THE taxpayer was put to unnecessary expense by a man who claimed hackers had put child sex abuse images on his devices.
But Aaron McHugh had the good sense to retract his not guilty pleas and admit his guilt, before being sentenced at Liverpool Crown Court on Monday.
Cheshire Police received information in April last year that an ‘xmaker2014’ Gmail address had uploaded suspected indecent images of children to a Dropbox account, explained Alaric Walmsley, prosecuting.
This email address was attributed to McHugh, who was arrested on April 6 by officers who searched his home.
They came across an iPhone and a laptop, with both submitted for a forensic analysis.
Following the search of his home, the defendant was interviewed by officers in the presence of his mother and a solicitor.
Here, he read from a prepared statement which declared that he had no knowledge of the images, and that he would be answering ‘no comment’ to all other questions, which he did.
Following an examination, authorities confirmed that incident material of children was found on both electronic devices.
In total, there were 39 images of children being sexually abused, 10 of which were graded in category A – the most severe category involving child rape – while 20 were category B and nine were category C.
On the iPhone, experts found three images at category C level in a Snapchat folder, but the court heard that these were inaccessible without sophisticated software.
More images were found in the cache of a Discord app, which were again inaccessible, but referenced sexual activity involving a 13-year-old child.
The court heard how the dates involved in possessing the material spanned back to May 2016, when now-21-year-old McHugh was aged just 15.
Following the examination, the defendant was interviewed again on December 11 last year, where he ‘exercised his right to remain silent’.
But he was subsequently charged with three counts of making indecent images of children by downloading them and one of possessing a prohibited image of a child.
He initially denied the offences before Warrington Magistrates’ Court and the case was sent to the crown court for trial, after he claimed that his devices had been ‘hacked’.
A trial date was set for February next year, but in August he changed his pleas to guilty on all counts.
Mr Walmsley revealed that McHugh has no previous convictions, cautions or warnings on his record.
In mitigation, defence barrister Carmel Wilde said: “This is a young man who has never been before the court before.
“The offences were committed between the ages of 15 and 20, against a backdrop of being mentally abused by his stepfather.
“He was associating with the wrong crowd and was the victim of bullying throughout secondary school. He was in a wrong place, a dark place.”
It was said that with this ‘wrong crowd’, he was abusing nitrous oxide in balloons and cannabis ‘laced with goodness knows what’.
She said that her client is working in a bar in Warrington and needs to address the underlying issues in his offending, which he would be willing to do through a court order.
Before sentencing, judge Ian Harris said: “The offences are serious as, without members of the public willing to make images and distribute them, there would be no market for the indefensible abuse of children.
“Without people like you, there would be no market for this toxic trade. On a daily basis, children are being abused to feed businesses trading in this dreadful abuse.”
Judge Harris accepted ‘no doubt’ that the defendant’s background ‘had an impact on his offending behaviour’.
“The case crosses the custody threshold, but given the mitigation, I believe in trying to assist you in staying out of trouble instead of sending you to custody,” he added.
McHugh, of Robson Grove in Fairfield, was handed a two-year community order, including 20 rehabilitation activity requirement days, the Building Choices programme and 150 hours of unpaid work.

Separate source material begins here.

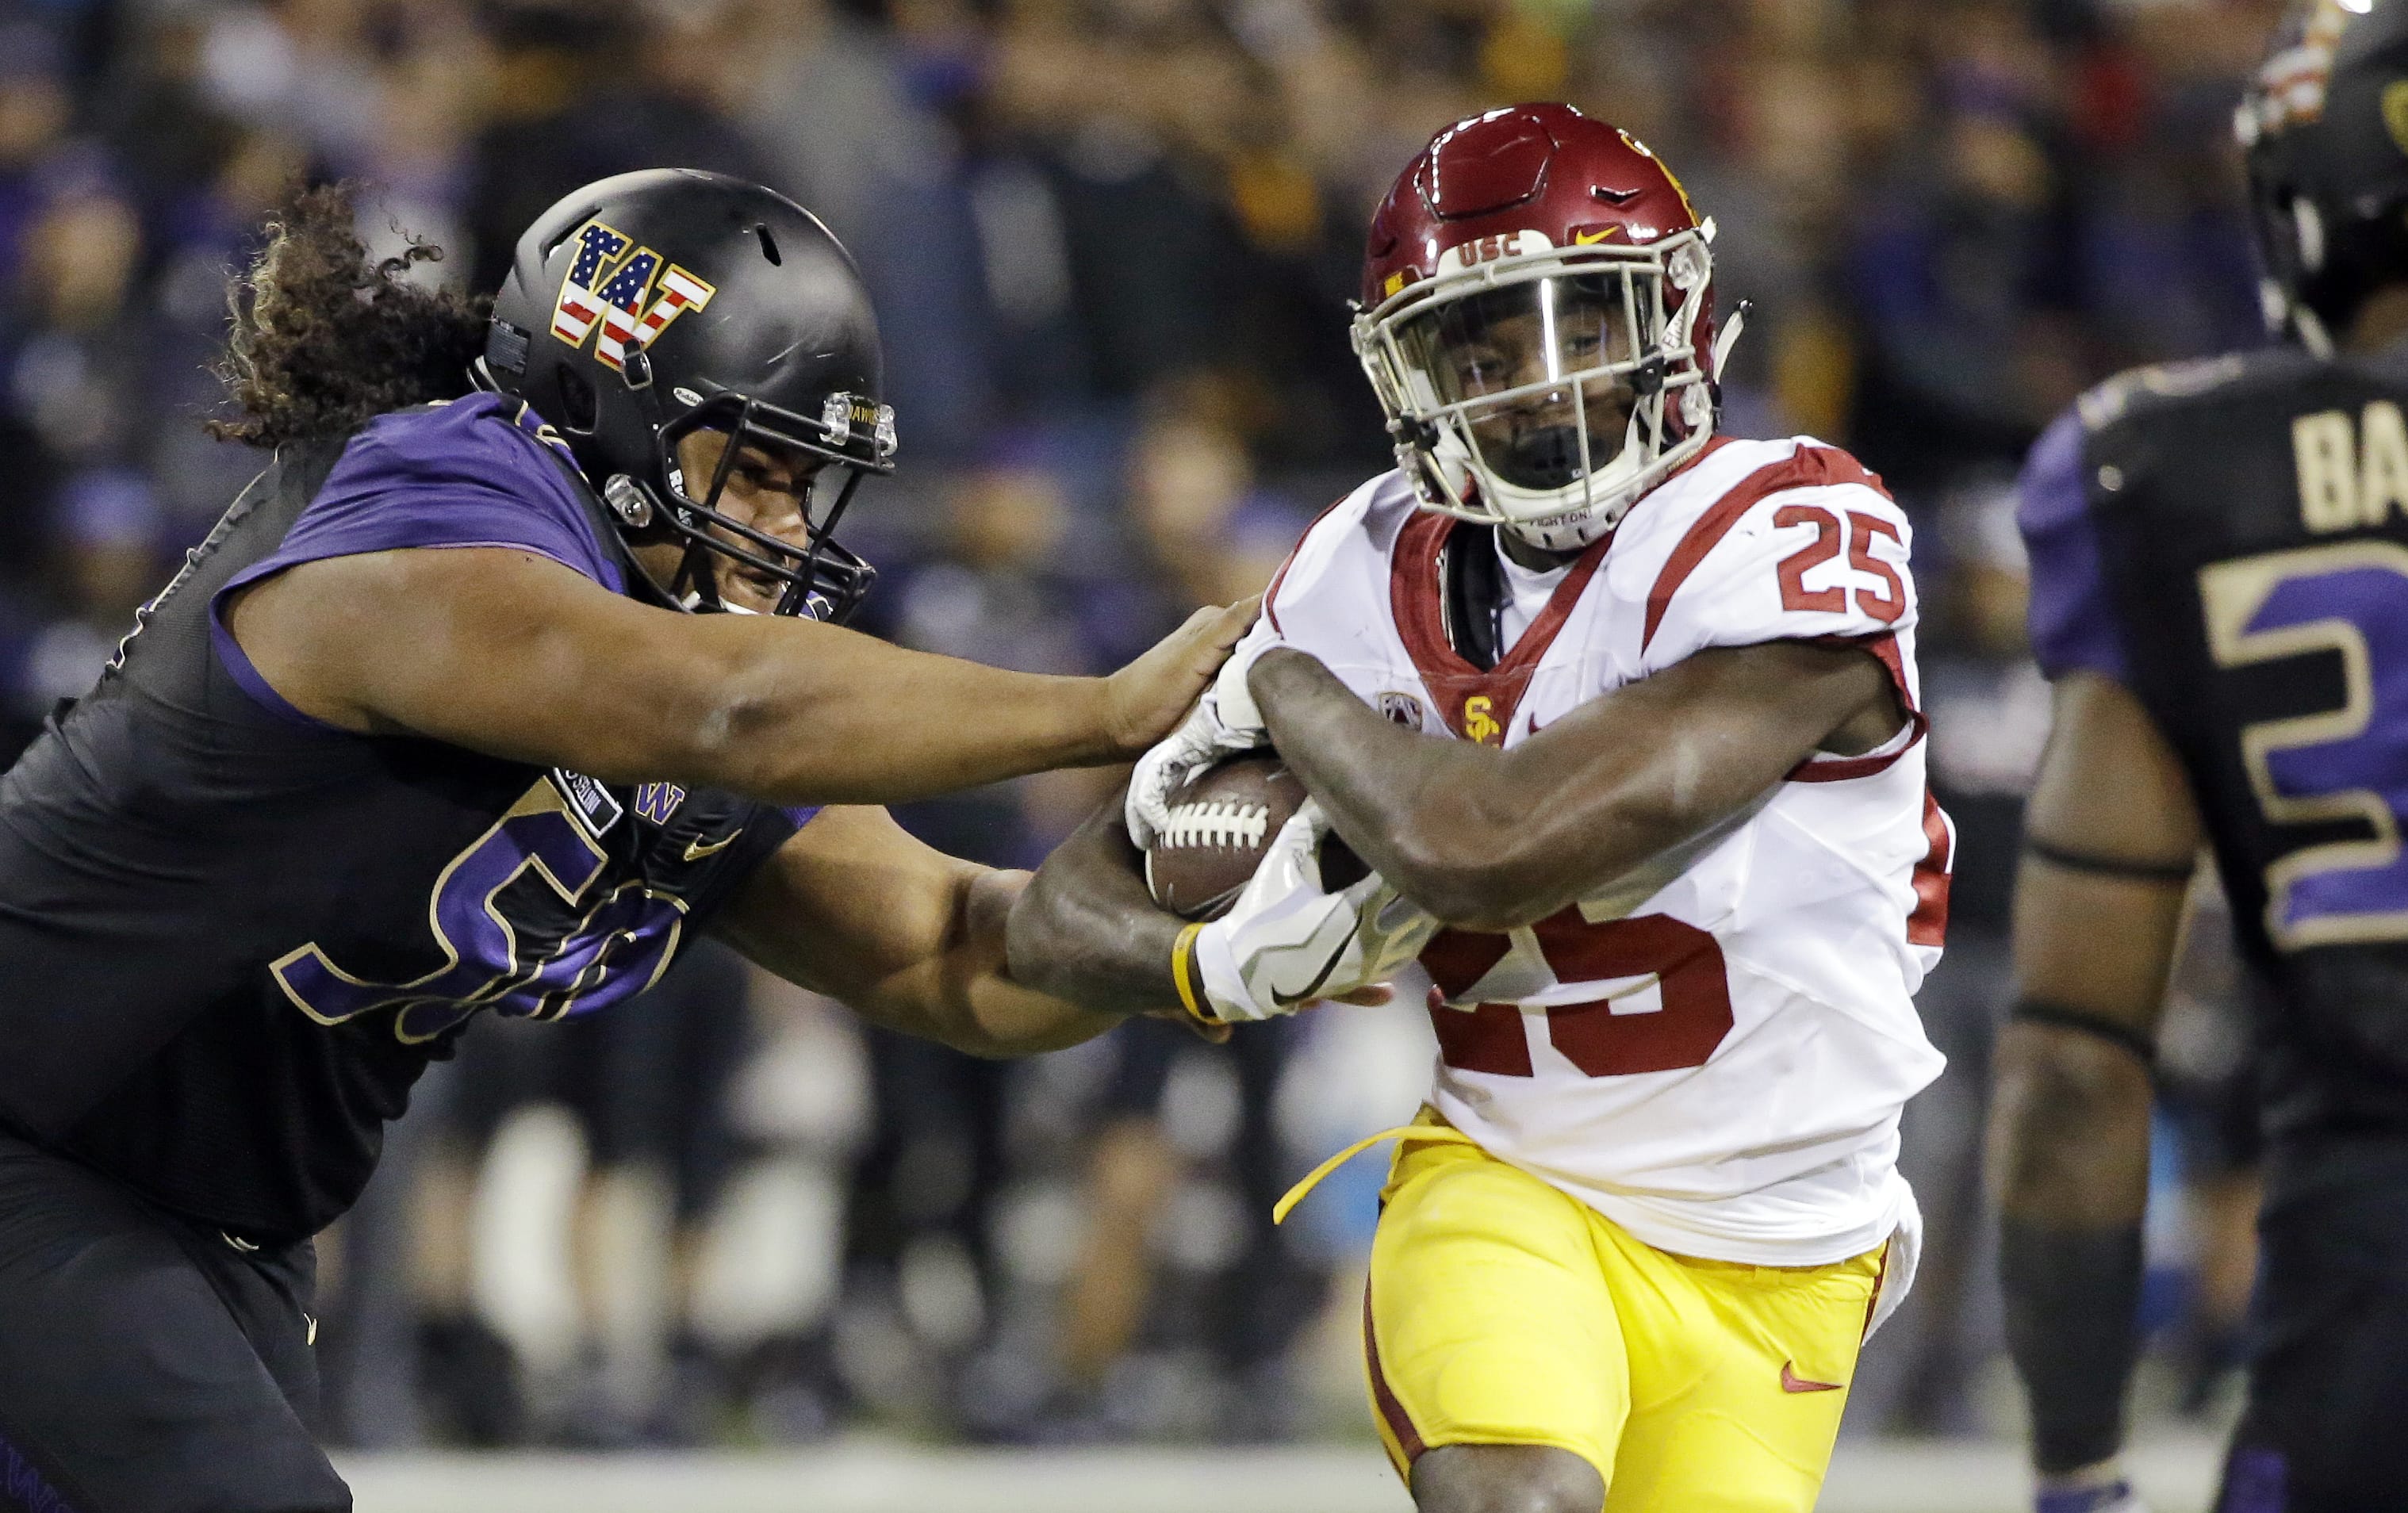 Washington defensive lineman Vita Vea, left, pushes Southern California running back Ronald Jones II on a carry by Jones in the first half of an NCAA college football game Saturday, Nov. 12, 2016, in Seattle.

He was also told he must sign the sex offender register and abide by the terms of a sexual harm prevention order, both for the next five years.
In addition, orders were approved to deprive the defendant of his laptop and iPhone.
On McHugh’s initial denial of the offences, Judge Harris commented: “You initially pleaded not guilty and claimed that your computer had been hacked.
“You put the prosecution to unnecessary expense because of your failure to admit these matters in the lower court, so there will be a costs order.”
Despite an application by the prosecution for court costs in excess of £1,000, the defendant was ordered to repay £500.